Xplore Inc.
- Formerly: Barrett Xplore Inc.
- Industry: Telecommunications
- Founded: 2004; 22 years ago
- Headquarters: Woodstock, New Brunswick
- Key people: Brent Johnston (President & CEO)
- Brands: Xplore Business Metro Loop
- Services: Satellite Internet, Fixed Wireless Internet, Fibre Internet
- Owner: Stonepeak
- ASN: 22995;
- Website: xplore.ca

= Xplore Inc. =

Canadian internet provider

Xplore Inc. is a Canadian rural internet service provider. It is the largest rural focused broadband service provider in Canada.

==History==
Xplore Inc. was founded in 2004 under the name Barrett XPlore.

In 2011, Barrett XPlore rebranded to Xplornet Communications Inc.

In April 2012, Xplore entered into a partnership with Shaw Communications to market bundles of its Shaw Direct satellite television service with Xplore internet service.

In 2014, the company purchased capacity on ViaSat-2 and EchoStar XIX as part of a plan to expand its service area to all of Canada by 2017.

In January 2017, Xplore acquired the Saskatoon-based competitor YourLink.

In November 2017, Xplore acquired Manitoba-based fixed wireless provider Netset Communications.
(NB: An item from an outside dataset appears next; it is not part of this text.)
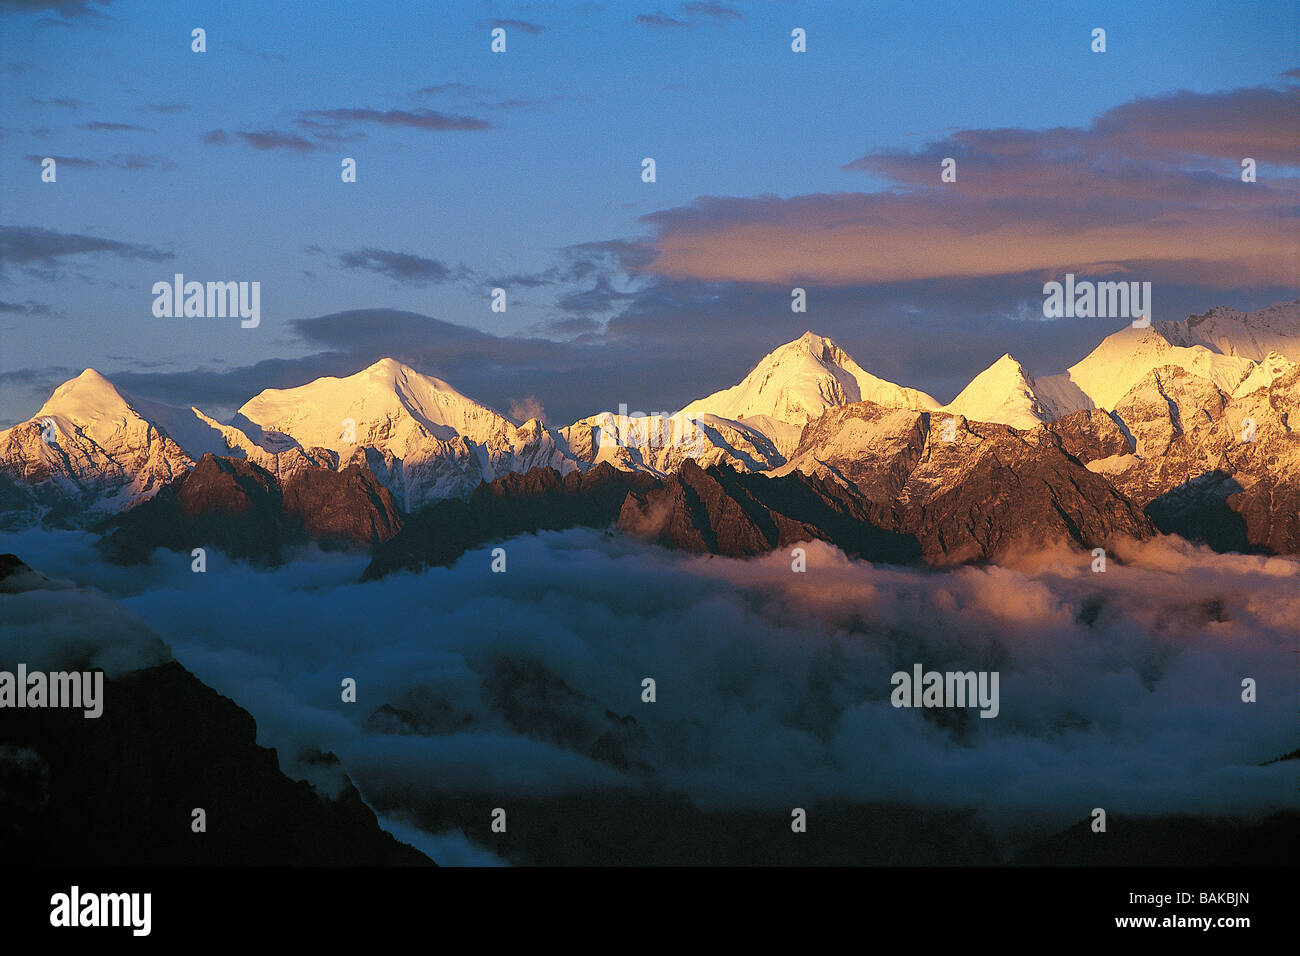 Estado de Uttarakhand, India, Himalaya, amanecer en las montañas Chaukhamba Imagen De Stock

With the deal Xplore retained the Netset brand and Netset continues to operate out of Brandon, Manitoba as a separate division of Xplore.

During the COVID-19 pandemic, Xplore customers reported increased issues with connectivity speeds. According to Lis McWalter, a Carling, Ontario resident and chair of the West Parry Sound SMART Community Network, speeds are so slow that audio calls are impeded, and said "Even at the best of times we don't get the speed that's promised."

In June 2020, Xplore announced its sale to New York private equity firm Stonepeak Infrastructure Partners. The sale did not include Xplore Mobile, which continued as a separate company before shutting down at the end of August 2022.

In September 2022, rebranded from Xplornet Communications Inc. to Xplore Inc.

==Services==
Xplore provides fixed wireless internet access to remote areas through a combination of fibre, satellite internet as well as LTE and WiMAX fixed wireless networks. It owns part of the lifetime capacity of ViaSat-2 and is expanding its 4G and 5G network. These networks support approximately 400,000 subscribers, the largest number of rural Canadian subscribers of any company as of 2021.

As with other telecommunications companies, some Xplore programs are funded in part by federal and provincial government grants.

In September 2021, Xplore announced that it was launching Canada's first rural 5G standalone network starting in New Brunswick.

Xplore is rolling out a fibre-to-the-premise network offering speeds up to one gigabit per second in seven provinces with more projects to come. The company is investing $500 million by 2025 to deploy state-of-the-art scalable fibre Internet and fibre-powered 5G fixed wireless technology in its facilities-based network. Xplore currently has fibre projects underway in Alberta, Manitoba, Ontario, Quebec, New Brunswick, Nova Scotia and Prince Edward Island.

In November 2022, Xplore announced that residents and businesses in rural and remote regions will have access to download speeds up to 100 megabits per second (Mbps) and more data on the company's next-generation satellite service, starting in the summer of 2023.

=== Xplore Mobile ===
On February 16, 2017, Bell announced that as part of its acquisition of Manitoba Telecom Services (MTS), it would divest a portion of its wireless subscribers to Xplornet. The divestment was a condition of the deal intended to preserve the presence of four major wireless carriers in Manitoba post-merger (Bell also divested a larger portion of MTS's wireless subscribers to Telus). Xplornet would receive 24,700 MTS subscribers, as well as 6 retail locations, and wireless spectrum. Bell entered into agreements with Xplornet to provide tower access, roaming, and devices for a period of time while it establishes its new mobile network.

The new Xplore Mobile brand was announced August 1, 2018. The company claimed that its wireless services would be "built on the values of fairness, simplicity and transparency".

In July 2022, Xplornet announced that Xplore Mobile would end operations at the end of August 2022, citing it that had been impacted by "high roaming rates that significantly exceed retail prices", and regulatory delays in a new CRTC framework that would require the incumbent wireless carriers to sell wholesale access to their networks to new regional competitors for a period of time. Xplore Mobile's pricing was never competitive with that of Bell, Rogers, or Telus. Executive director of the Public Interest Advocacy Centre John Lawford argued that the divestment was not aggressive enough to make Xplore Mobile a viable competitor to the established incumbents, and that the company's failure demonstrated the federal government's lax attitude towards competition in Canada's wireless industry.